CONTINUED VIOLENCE AGAINST TAMILS

The Tamils in the tea plantations (who had been rendered stateless by the 1949 citizenship acts) also became the target of recurrent Sinhala mob violence.
Over the years, the violence against the Plantation Tamils intensified and in the seventies more than 300,000 fled to India.

 

"... It is clear that the subsequent violence in July and August which was directed against Sri Lanka Tamils in the east and south of the country and the Indian Tamil tea estate workers in the central region, was not random. It was stimulated, and in some cases organized, by members of the ruling UNP, among them intimates of the President."
- The Observer, London, 20 September 1981


Two Tamils murdered and thrown in a ditch (1979)

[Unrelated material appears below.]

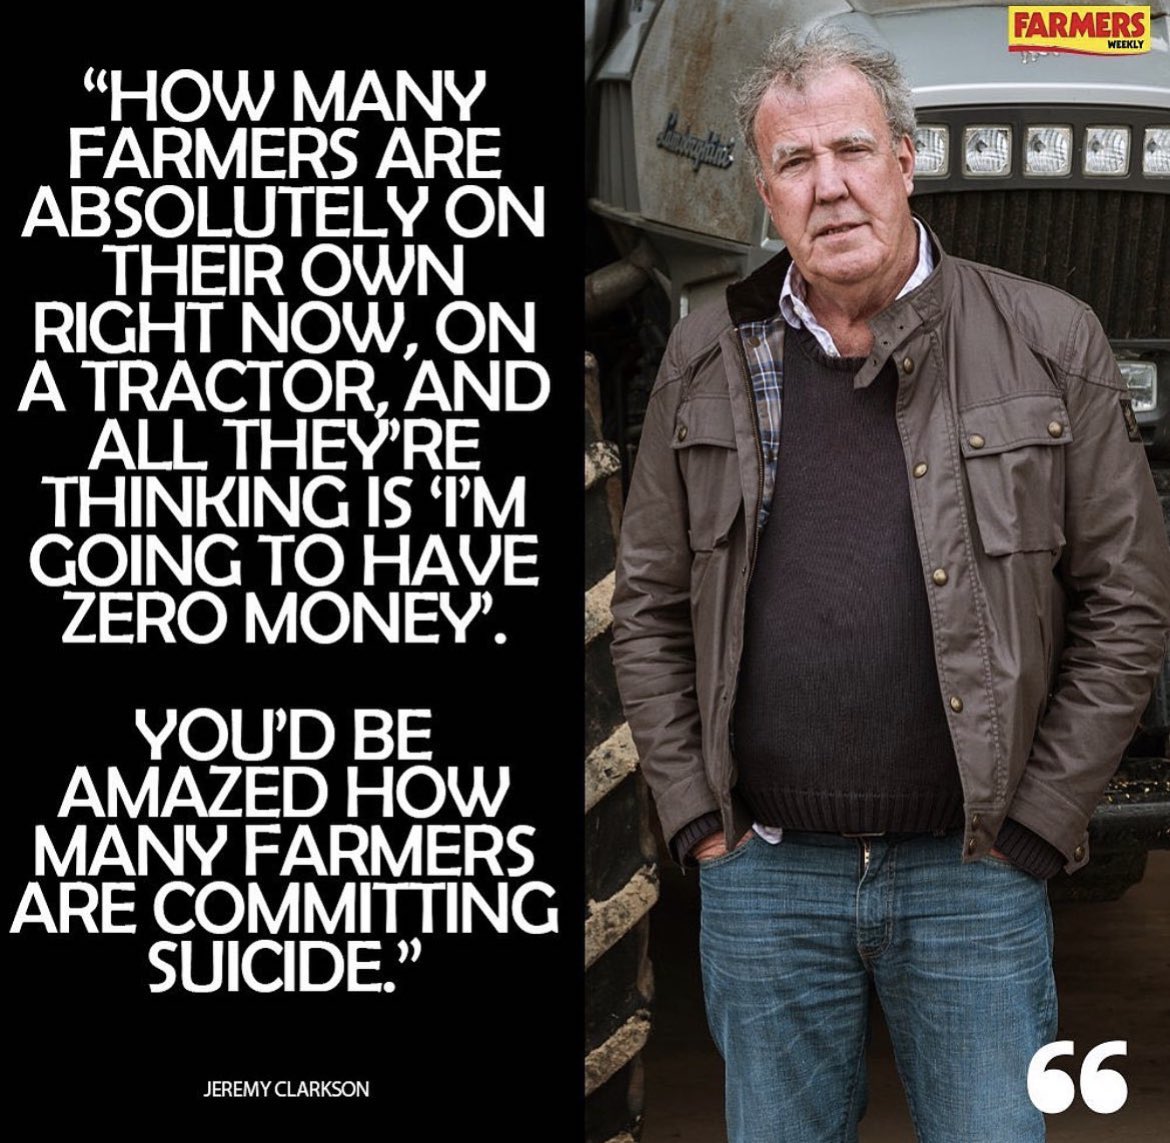 Three people in the UK farming and agricultural industry die by suicide every week, according to the British Association for Counselling and Psychotherapy (BACP).

"A tragedy is taking place in Sri Lanka; the political conflict following upon recent elections, is turning into a racial massacre. It is estimated by reliable sources that between 250 and 300 Tamils have lost their lives."
- Sir John Foster, David Astor, Robert Birley, Louis Blom-Cooper, James Fawcett, Dingle Foot, Michael Scott
London Times
20 September 1977


A voluntary organization (Gandhyam) helped settle some of the affected Tamils in the Tamil homelands.
Dr. Rajasunderam, President of the Gandhyam movement (2nd right) at a tea plantation.

Dr. Rajasunderam was arrested and killed inside a government prison in 1983

"Amnesty International has itself interviewed one Tamil detainee who survived the killing and has received a sworn statement from another survivor... According to the sworn statement: 'We asked these people as to why they came to kill us. To this they replied that they were given arrack (alcohol) by the prison authorities and they were asked to kill (us)."
- Amnesty International Report
(June 1984)


The Volunteers at the Gandhyam Office

"The Police and the Army.... as many as a thousand at a time have invaded, some landing in helicopters, others driving their cars (it was like ploughing) across the new crops... Harass the settlements... The former plantation coolie...was tied, stuck in the face with fists and hung upside down from the roof beams, face bleeding for hours..."
(David Selbourne; Illustrated Weekly of India)


A newly settled plantation Tamil at a Gandhyam Farm

The Gandhyam farms (notably the Dollar & Kent farms) were taken over by the government to settle Sinhala colonizers.